Overall, their phylogenetic analyses identified three divergent ancient breeds, making up Asian, Middle Eastern, and northern groups.

Contrary to mitochondrial DNA studies suggesting domestic dogs originated in East Asia, the researchers analyses indicated that Middle Eastern wolves provided the main source of genetic diversity for domestic dogs, though pockets of interbreeding with wolves occurred in other parts of the world — leading, for instance, to haplotype sharing between European wolves and greyhounds, whippets, and a few other breeds and haplotype sharing between Chinese wolves and dogs from the Akita and chow chow breeds.

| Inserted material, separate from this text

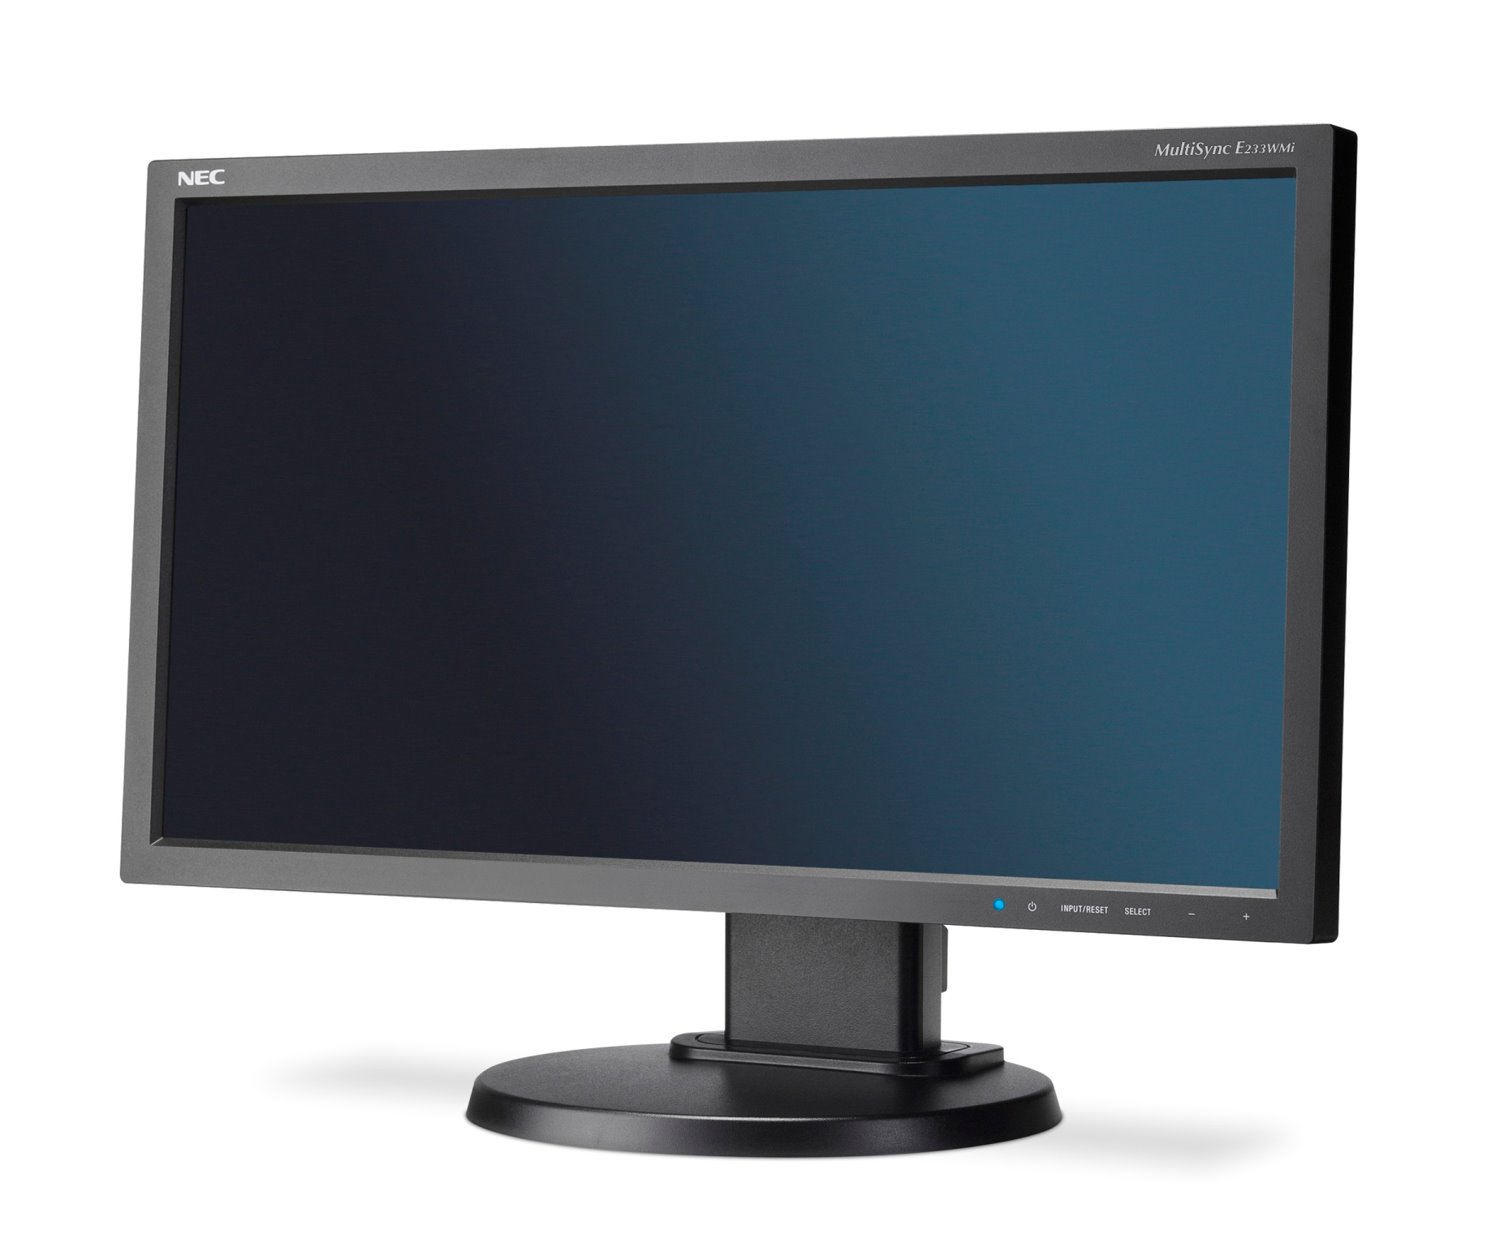 NEC Display MultiSync E233WMi 23" Full HD WLED LCD Monitor - 16:9 - Black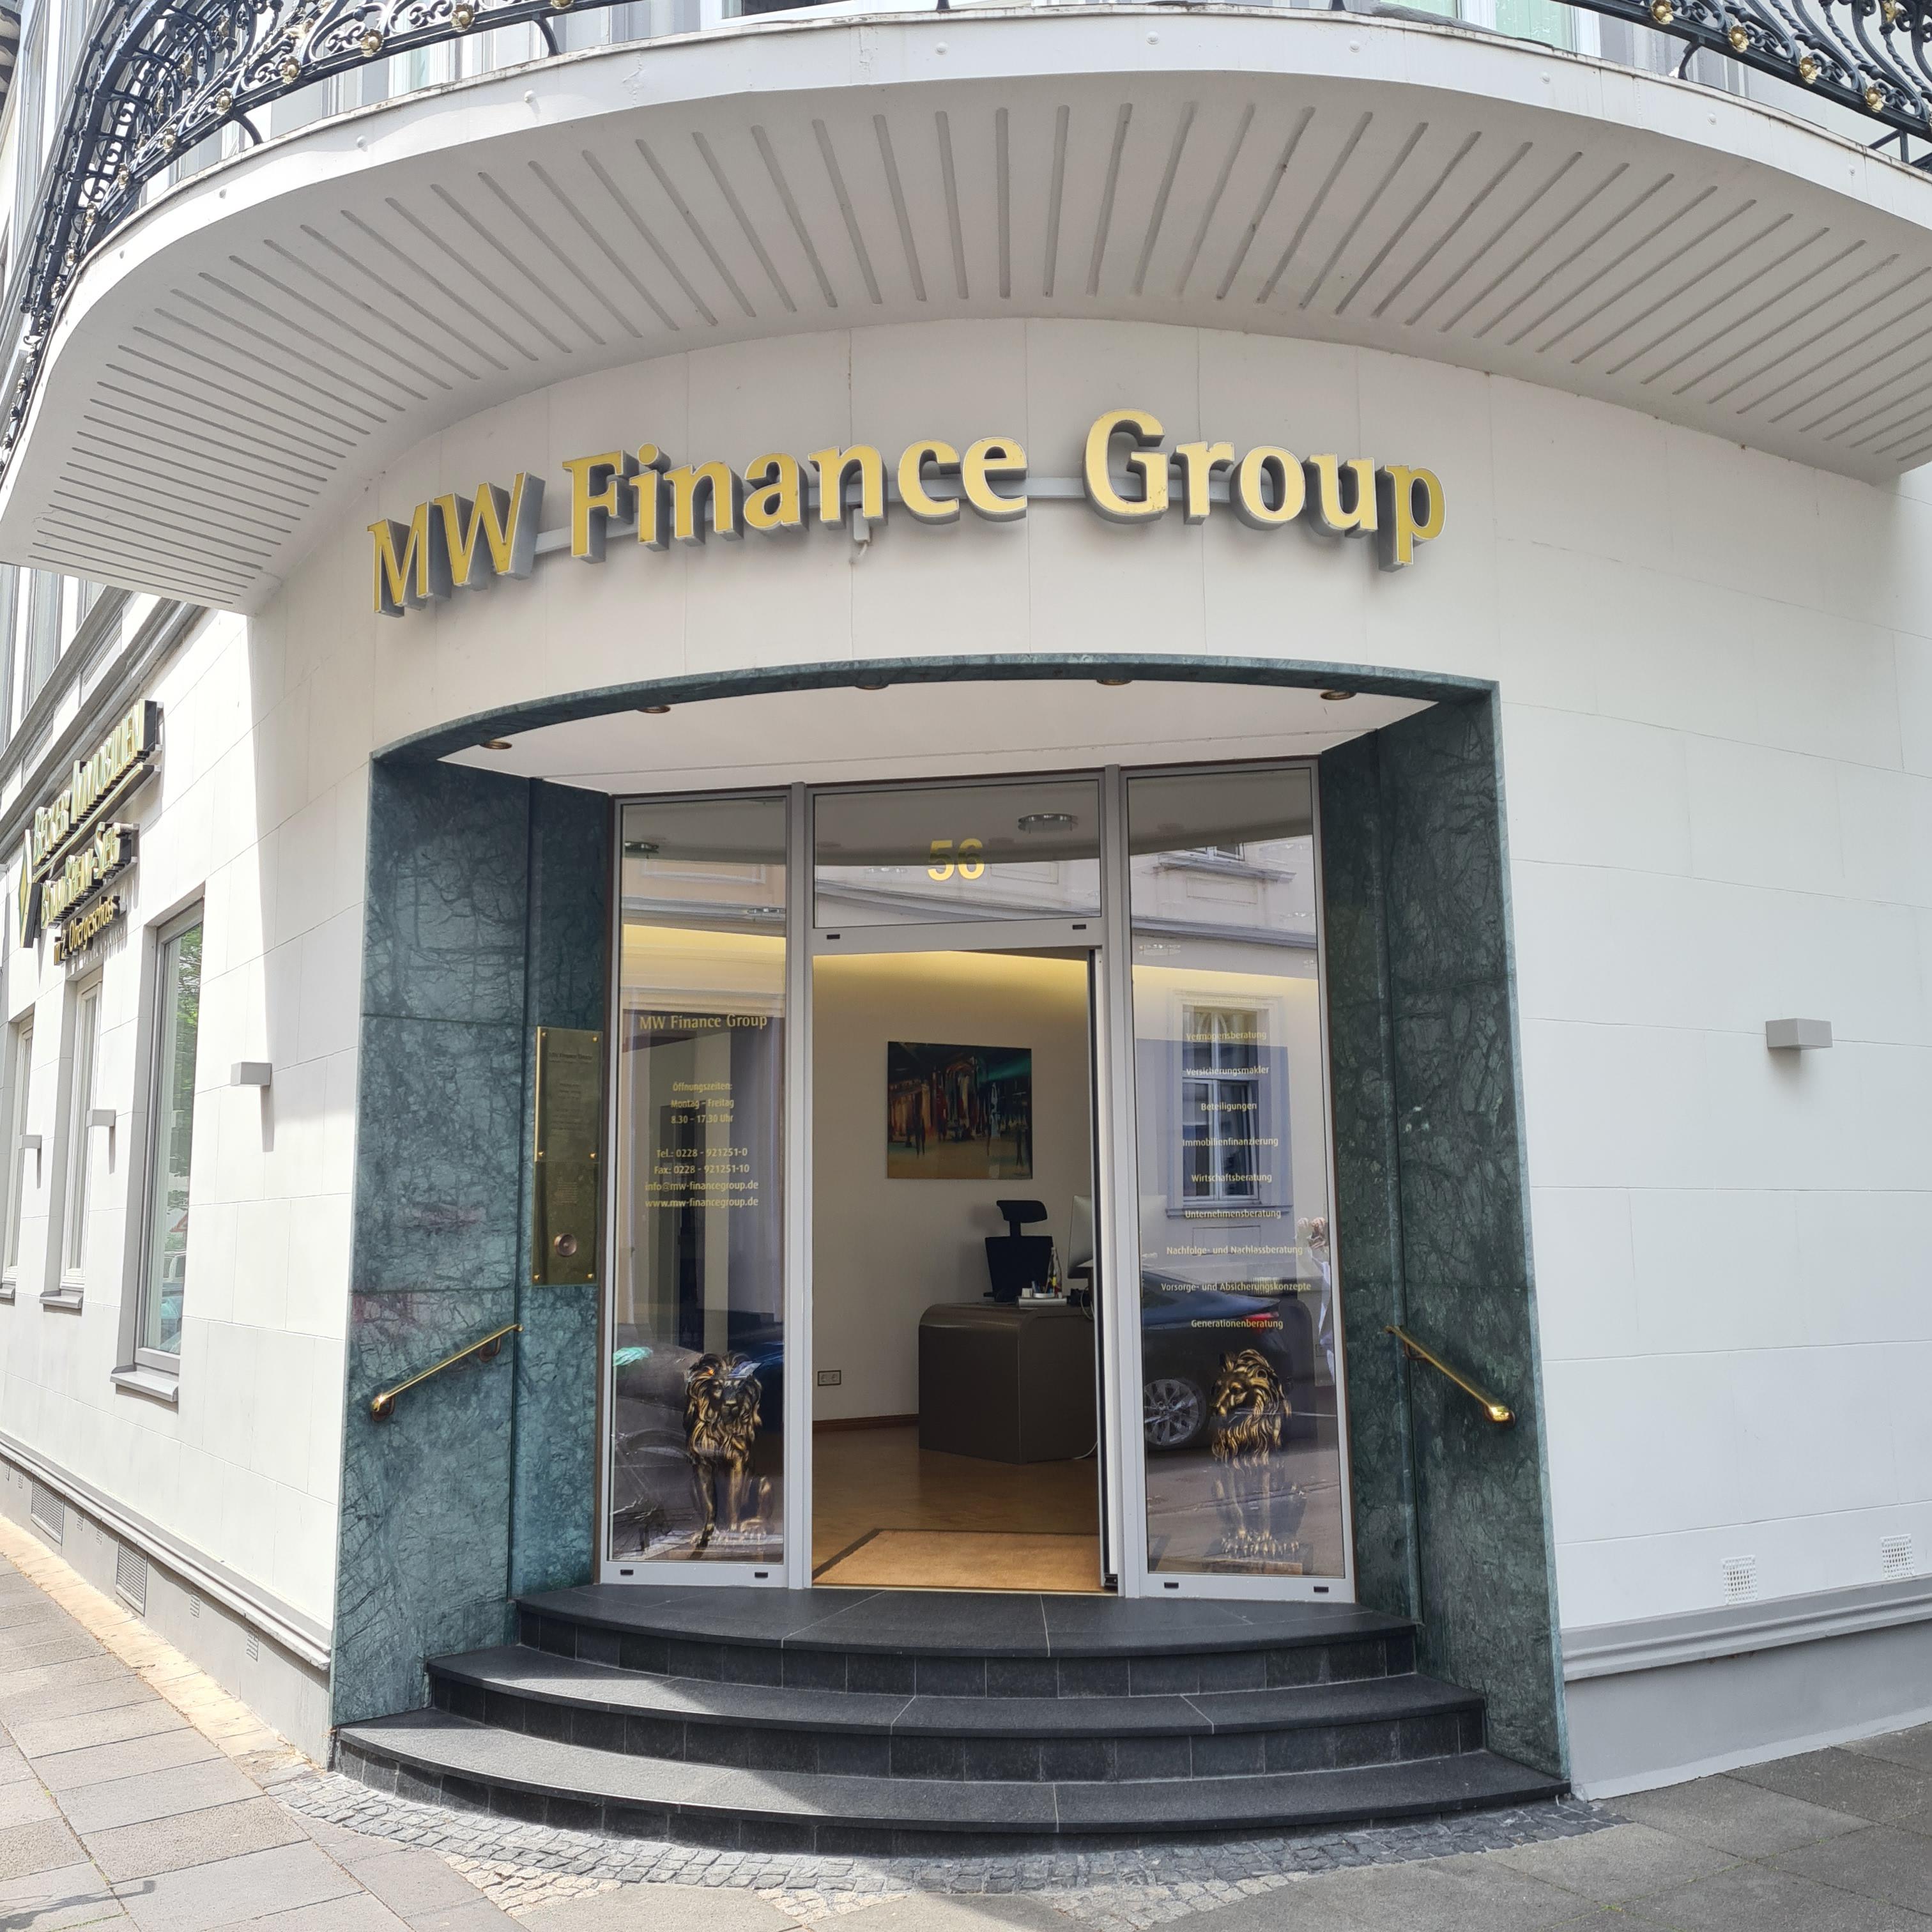 MW Finance Group, Lennéstraße 56 in Bonn

The team also found that dog diversity didn't consistently vary with geography. Instead, genetic clusters tended to correlate with functional and phenotypic traits. For example, herding dogs clustered together, as did retrievers, sight hounds, and so on.

In addition, Wayne noted, even within different lineages, the same discrete mutations seem to underlie specific traits. That means many dog traits can be distilled down to a handful of key genes, he explained, noting that short dogs from different breeds share one mutation, while those with short limbs share another.

"Our results show that Middle Eastern wolves were a critical source of genome diversity, although interbreeding with local wolf populations clearly occurred elsewhere in the early history of specific lineages," the researchers wrote. "More recently, the evolution of modern dog breeds seems to have been an iterative process that drew on a limited genetic toolkit to create remarkable phenotypic diversity."

In an accompanying paper in BMC Biology last month, members of the team provided a more detailed look at one such gene, the insulin-like growth factor IGF1, which contains a characteristic SINE element and SNP in small dog breeds.

Other research coming out in the future will include studies looking at how many genes are responsible for phenotypic differences in dogs as well as a study focusing on genetic patterns in wild dogs, such as wolves, Wayne said.